Diese Risikosituation sollte dringend abgemildert werden, etwa durch Bodenmulden.

https://de-de.topographic-map.com/map-2bvkl/Seeheim-Jugenheim/?zoom=15&center=49.75371%2C8.68356&popup=49.75738%2C8.68045

Gewässerschutz

Wenn aus diesen Steilstrecken Bodenmaterial abgetragen wird, so gelangt dieses Material in die oben bereits genannten drei Bäche. Dies führt zu einer Verstopfung des Gewässerbodens und zerstört Laich- und Wuchshabitate. Dies ist nach Wasserrecht nicht zulässig.

Bereits nach ersten moderaten Redenfällen in der vergangenen Woche deuten sich die Folgen an: Es bildet sich Matsch, der mit kommendem Niederschlag immer weiter talwärts gespült wird.

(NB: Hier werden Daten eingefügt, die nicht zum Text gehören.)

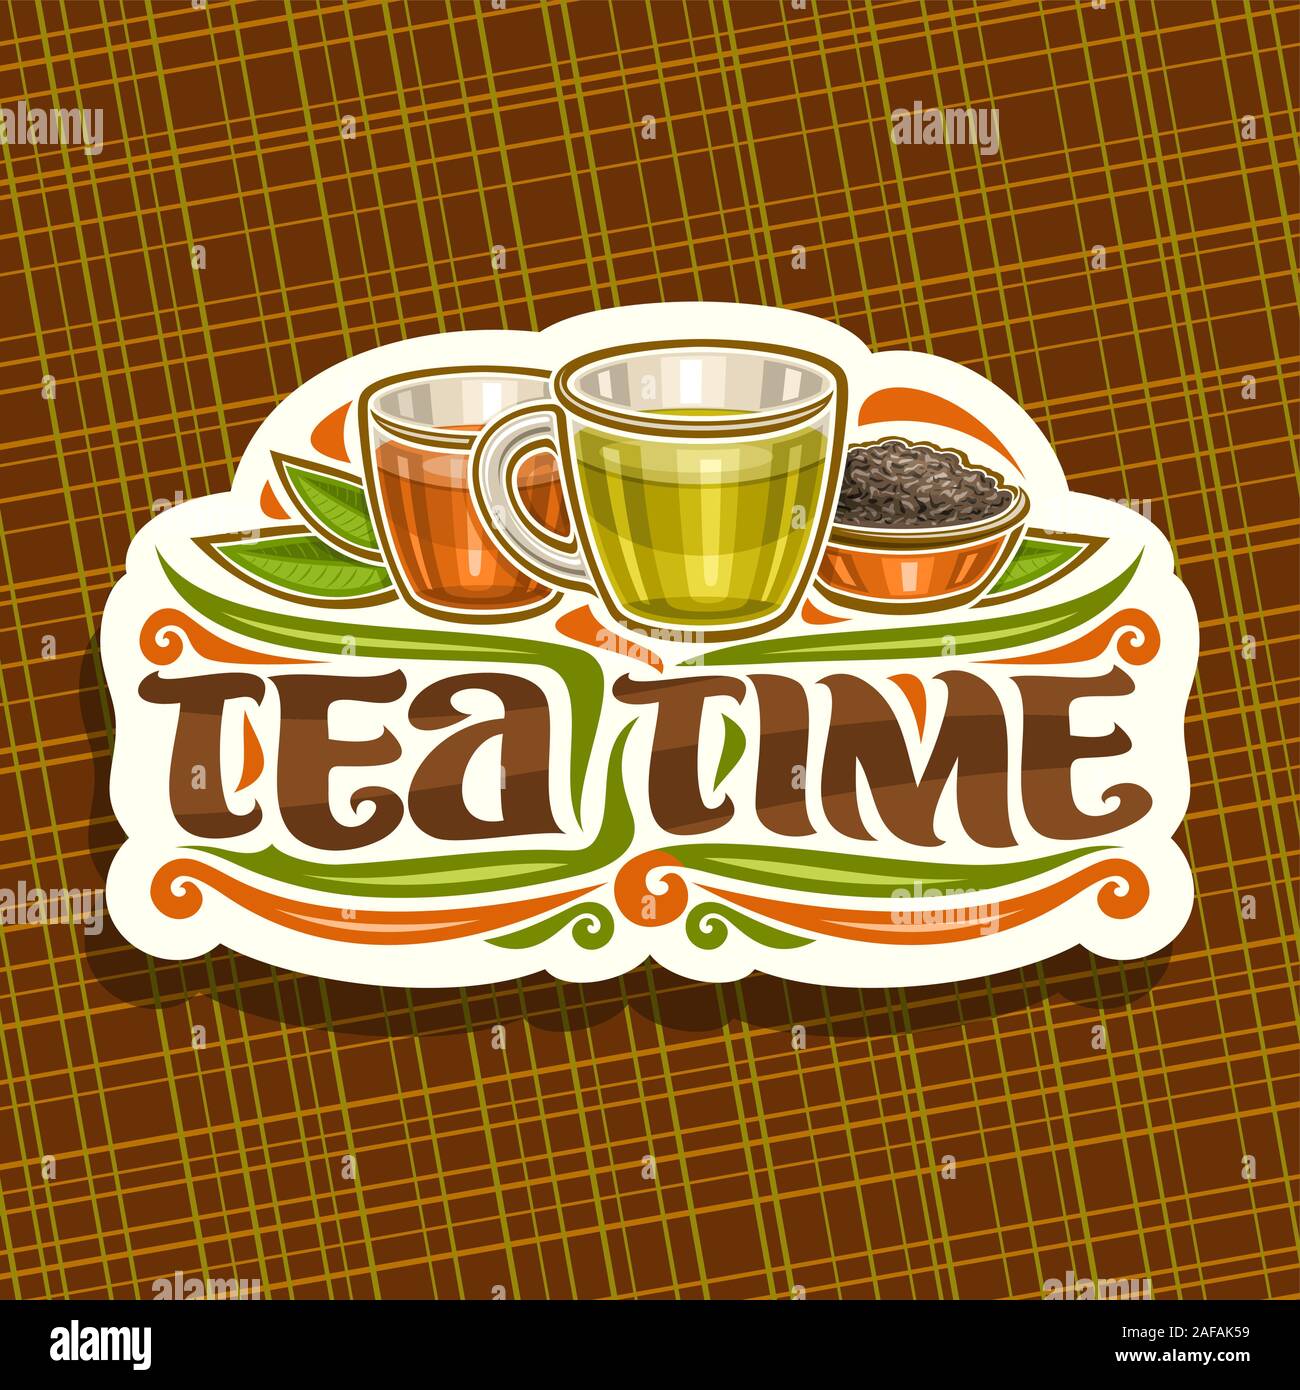 Vector logo for Tea Time, vintage cut paper sign with illustration of 2 glass cups with yellow and brown liquid, metal bowl with loose tea, decorative Stock Vector

Zustand des Bodens am Hang nach dem Unwetter am 13.03.2023.

Auswirkungen auf Trinkwasserschutzgebiete

NaturschützerInnen befürchten zudem Auswirkungen durch den Eintrag von Feinsediment im Hochwasser- oder Starkregenfall auf das Wasserschutzgebiet „Fuchssche Quellen“. Die Sorge gilt insbesondere den Auswirkungen der aus dem gesamten Steilhang ausgewaschenen Nitratanteile (LAWA-Papier unter anderem zu Nitratauswaschungen aus Wald: https://www.nw-fva.de/fileadmin/nwfva/publikationen/pdf/beisecker_2012_diffuse_stoffaustrage.pdf). Oberhalb findet sich eine zur Tierhaltung genutzte landwirtschaftliche Fläche. Wo bisher der Wald dafür sorgte, dass die durch Beweidung entstandenen Nitratanteile nicht bergabwärts gelangen konnten, besteht bei Starkregenereignissen die Gefahr, dass sie jetzt ungehindert in die unterhalb liegenden Trinkwassergebiete gelangen. Erhöhte Nitratwerte können Auswirkungen auf die Gesundheit von Erwachsenen und insbesondere auf die von Säuglingen haben.

Insgesamt sind also erhebliche Auswirkungen des Kahlschlags zu befürchten beziehungsweise haben schon eingesetzt. Wie in der Folge mit dem Hochwasserrisiko, dem Gewässerschutz und wahrscheinlichen Folgen für Trinkwasserschutzgebiete umgegangen wird, ist bislang offen. Der NABU hat dazu eine Anfrage ans Regierungspräsidium Darmstadt Dezernat IV gestellt, das für diese Angelegenheiten zuständig ist. Sobald eine Antwort vorliegt, werden wir weiter berichten.  

  Eine Antwort to “Kahlschlag in Seeheim-Jugenheim: Auswirkungen auf Hochwasserrisiko, Gewässerschutz und Trinkwasserschutzgebiete”

  1.  

    Danke NABU, dass ihr diese Fehlentscheidungen in der Waldwirtschaft immer wieder aufdeckt und den langfristigen Schaden so nachvollziehbar erläutert. Es ist nicht zum Aushalten, wie wenig die Folgeschäden berücksichtigt werden.